Intervention: Palbociclib
Triplet Combination (Dose Finding)
Phase 1 triplet dose finding phase in 3-6 patients per cohort - approximately 30 patients depending on emerging data to determine the maximum tolerated dose (MTD) of the triplet.
Intervention: Fulvestrant
Triplet Combination (Dose Expansion)
Additional patients will be enrolled at the dose determined in Part A.
Intervention: AZD2014
Triplet Combination (Dose Expansion)
Additional patients will be enrolled at the dose determined in Part A.
Intervention: Palbociclib
Triplet Combination (Dose Expansion)
Additional patients will be enrolled at the dose determined in Part A.
Intervention: Fulvestrant
Outcomes
Primary Outcomes
Parts A and B: Number of adverse events experienced by patients
Time Frame: Approximately 16 months
Safety and tolerability assessed through the incidence of adverse events.
Secondary Outcomes
- Part B: Duration of Response (DoR)(Assessed every 8 weeks for approximately 16 months)
- Parts A and B: Peak plasma concentrations (Cmax) of AZD2014 and palbociclib following multiple doses(Samples will be collected at prespecified time points up to 12 hours following dosing.)
- Time to reach peak plasma concentrations (tmax) for AZD 2014 and palbociclib.(Samples will be collected at prespecified time points up to 12 hours following dosing.)

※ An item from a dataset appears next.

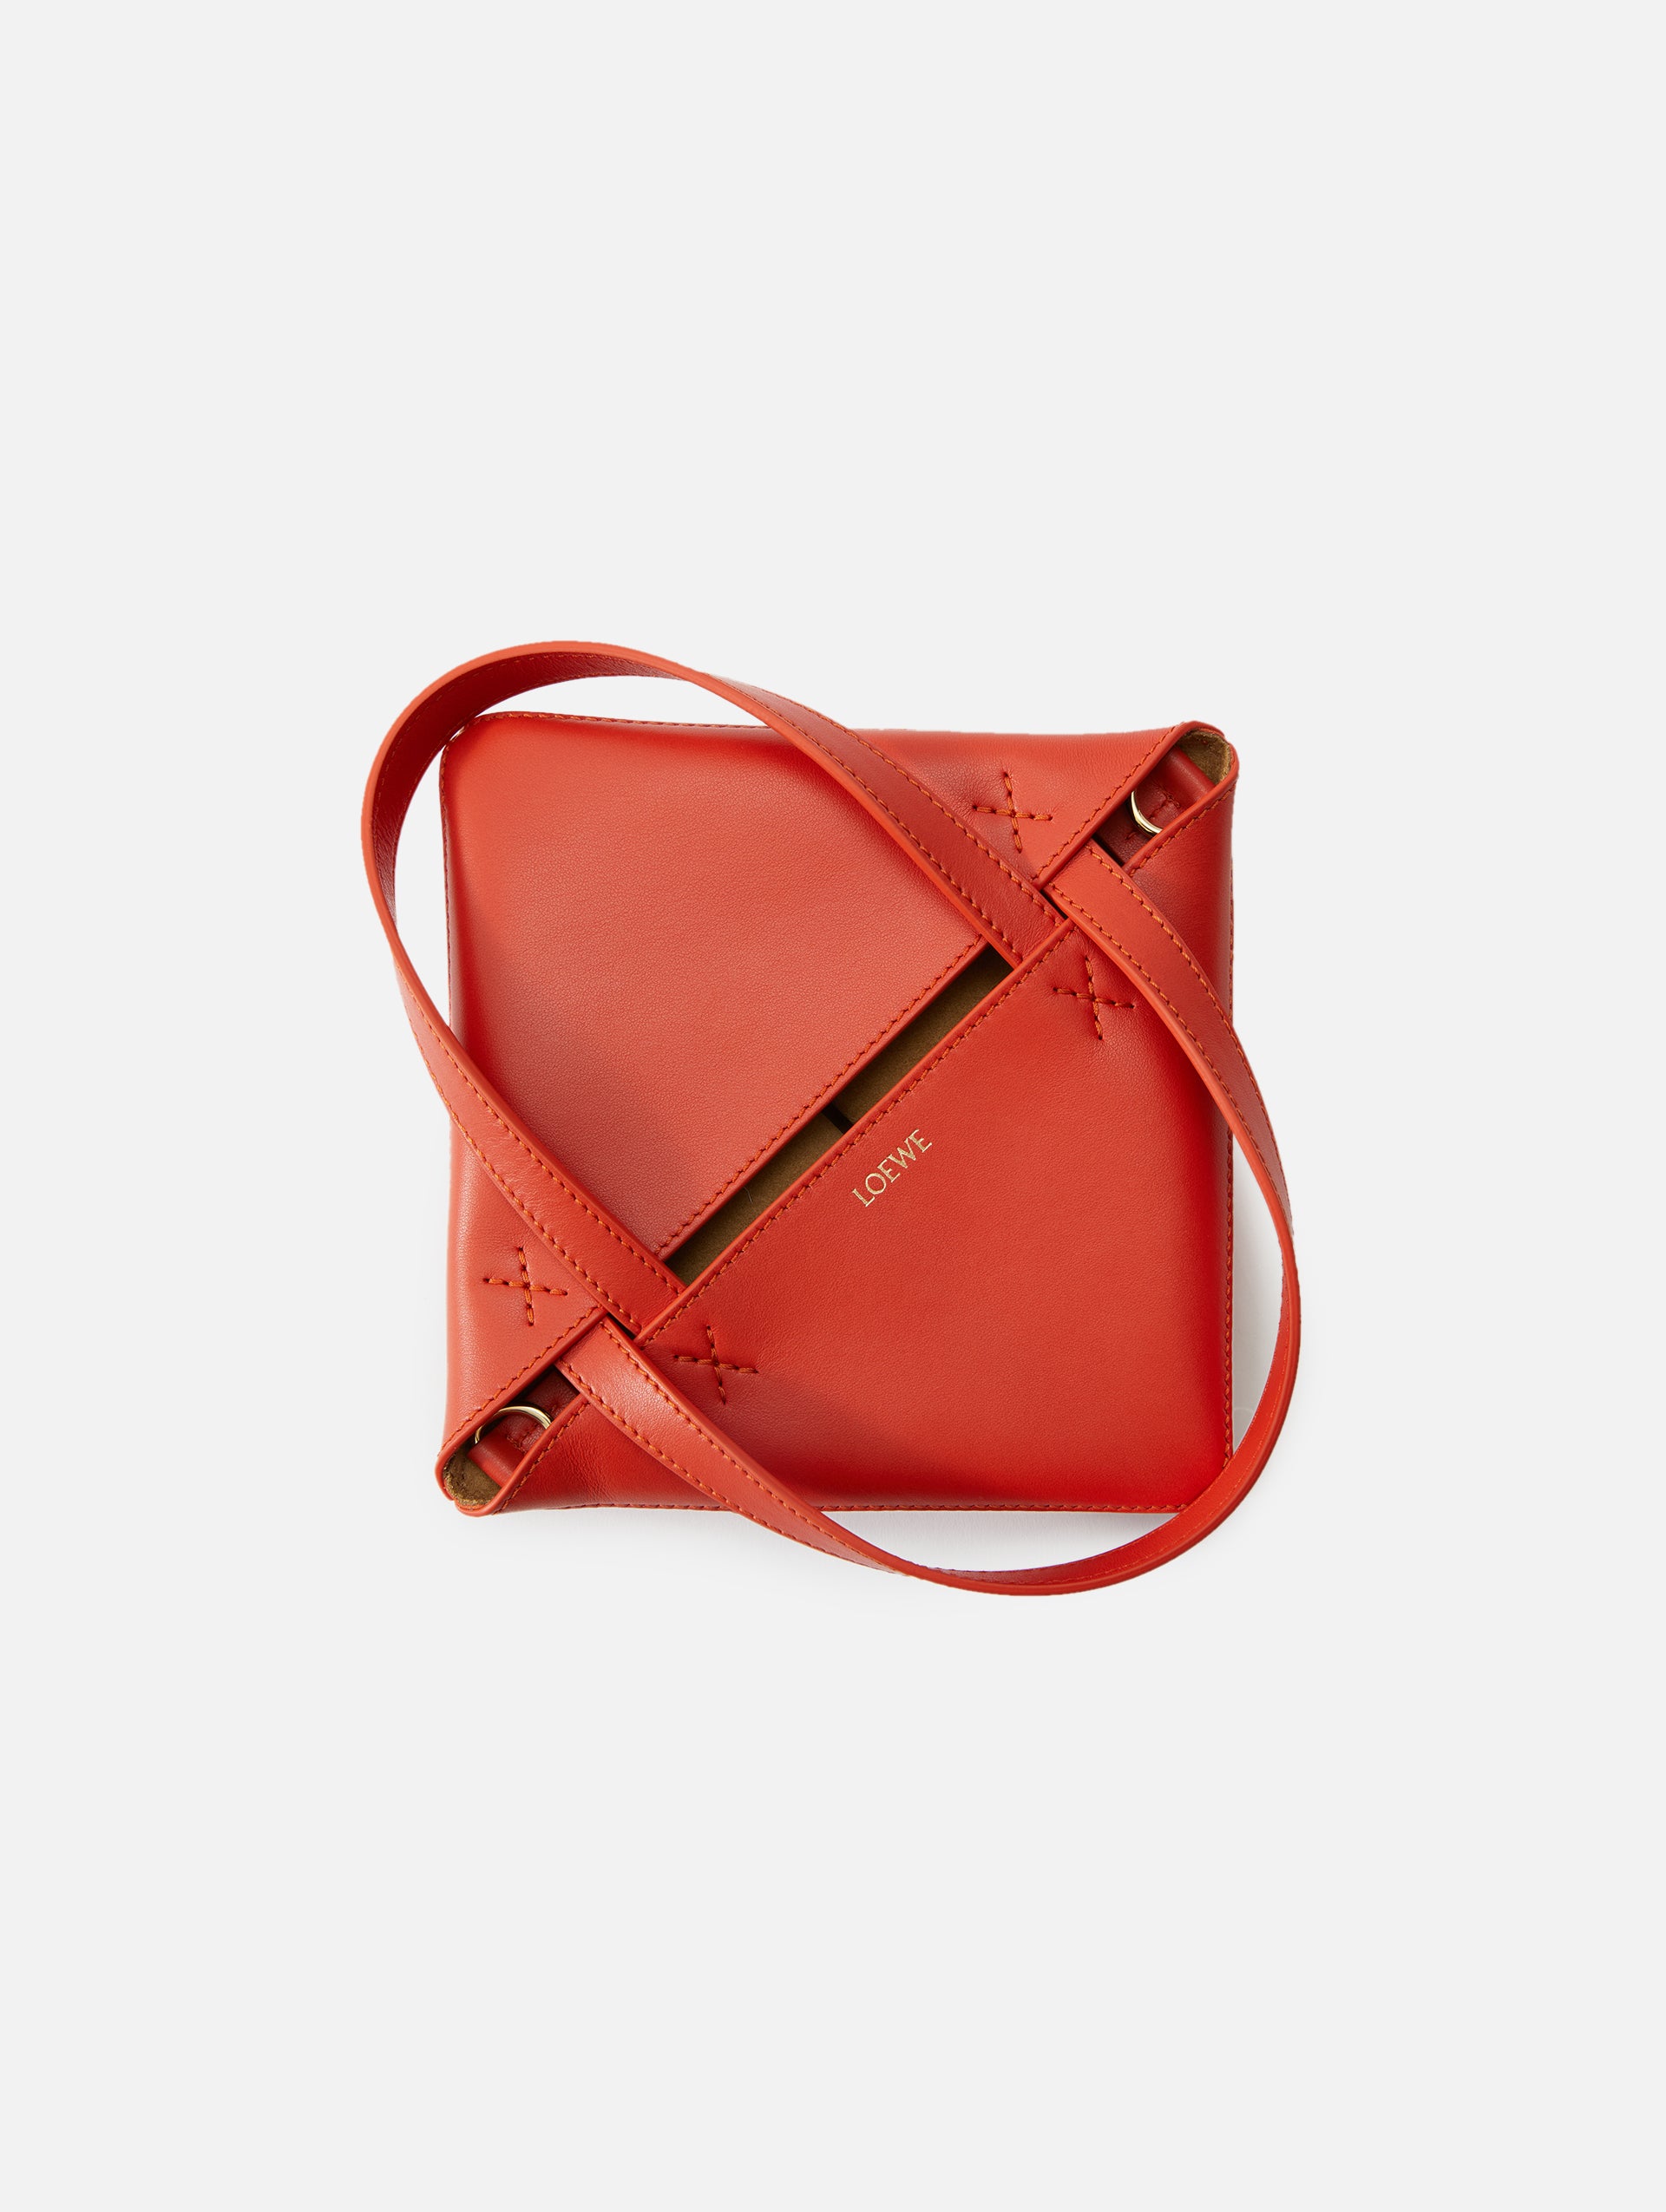 Your lockdown companion — mini monogram tote bag. Small but

- Part B: Overall Survival (OS)(Approximately 24 months)
- Parts A and B: Best Objective Response (BOR)(Assessed every 8 weeks for approximately 16 months)
- Part A: Peak plasma concentrations (Cmax) of AZD2014 and palbociclib following single dose(Samples for single dose PK will be collected at prespecified time points up to 12 hours following dosing.)

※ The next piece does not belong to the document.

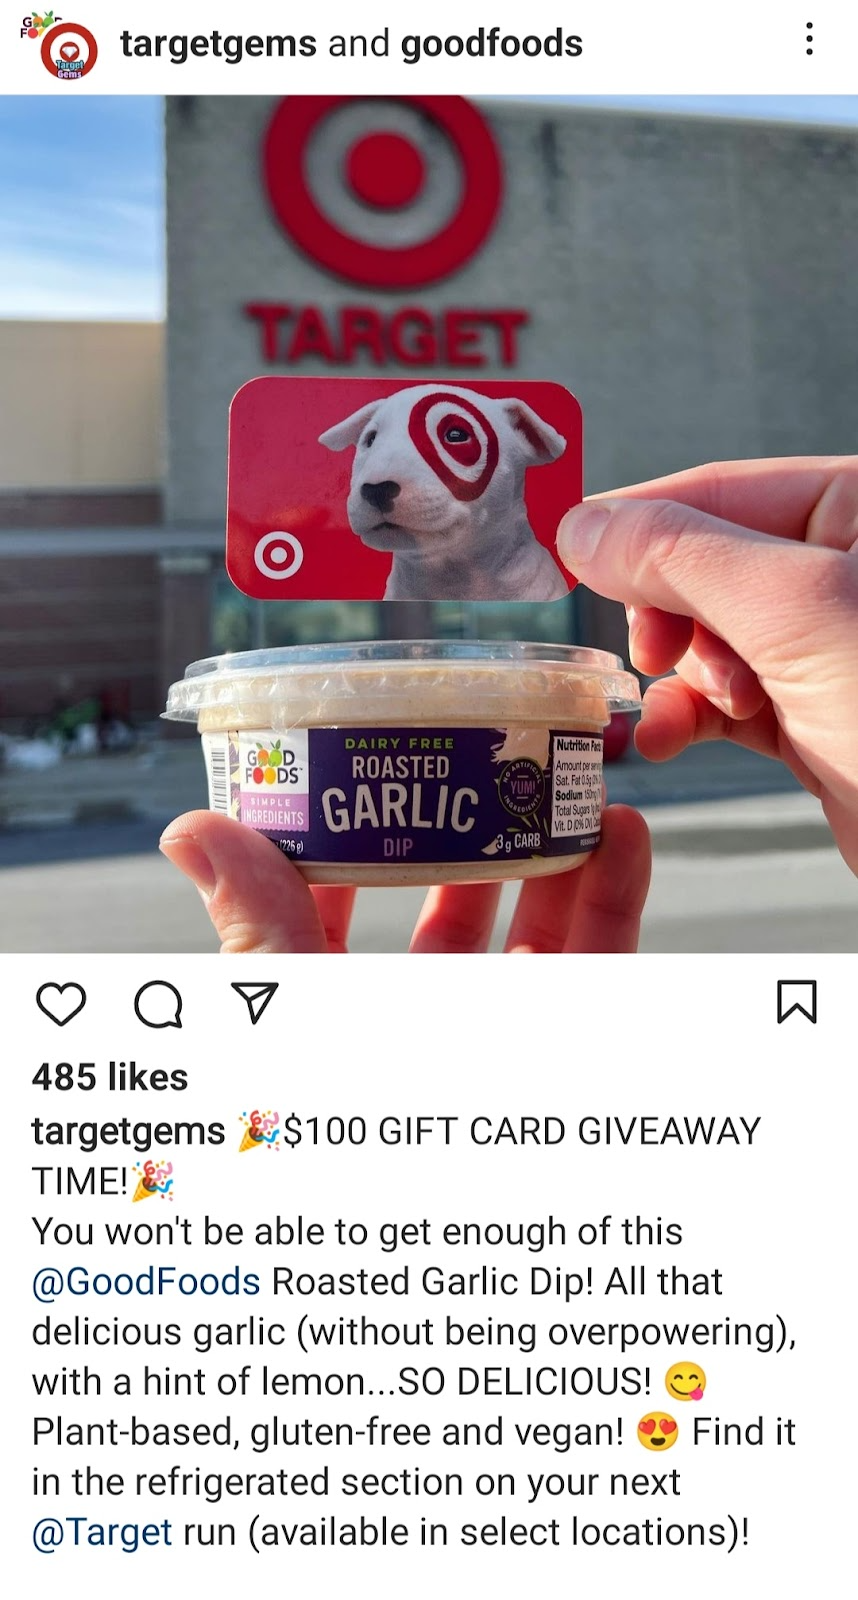 Instagram partner،p between Good Foods and Target Gems

- Area under the plasma concentration-time curve from zero to infinity (AUC 0-∞) for AZD 2014 and palbociclib.(Samples will be collected at prespecified time points up to 9 days following dosing.)

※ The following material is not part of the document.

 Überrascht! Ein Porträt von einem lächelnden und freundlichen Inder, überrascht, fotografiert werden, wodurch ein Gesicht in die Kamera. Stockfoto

- Area under the plasma concentration-time curve from zero to 12 hours (AUC 0-12) for AZD 2014 and palbociclib.(Samples will be collected at prespecified time points up to 12 hours following dosing.)
- Area under the plasma concentration-time curve from zero to 24 hours (AUC 0-24) for AZD 2014 and palbociclib.(Samples will be collected at prespecified time points up to 24 hours following dosing.)
- Area under the plasma concentration-time curve from zero to the last measurable concentration (AUC 0-t) for AZD 2014 and palbociclib.(Samples will be collected at prespecified time points up to 9 days following dosing.)
- Part B: Progression Free Survival (PFS)(Assessed every 8 weeks for approximately 16 months)
- Parts A and B: Objective Response Rate (ORR)(Assessed every 8 weeks for approximately 16 months)
- Parts A and B: Change from baseline in biomarker H-score(16 months)
- Terminal elimination rate constant (λz) for AZD 2014 and palbociclib.(Samples will be collected at prespecified time points up to 9 days following dosing.)
- Terminal plasma half-life (t1/2λz) for AZD 2014 and palbociclib.(Samples will be collected at prespecified time points up to 9 days following dosing.)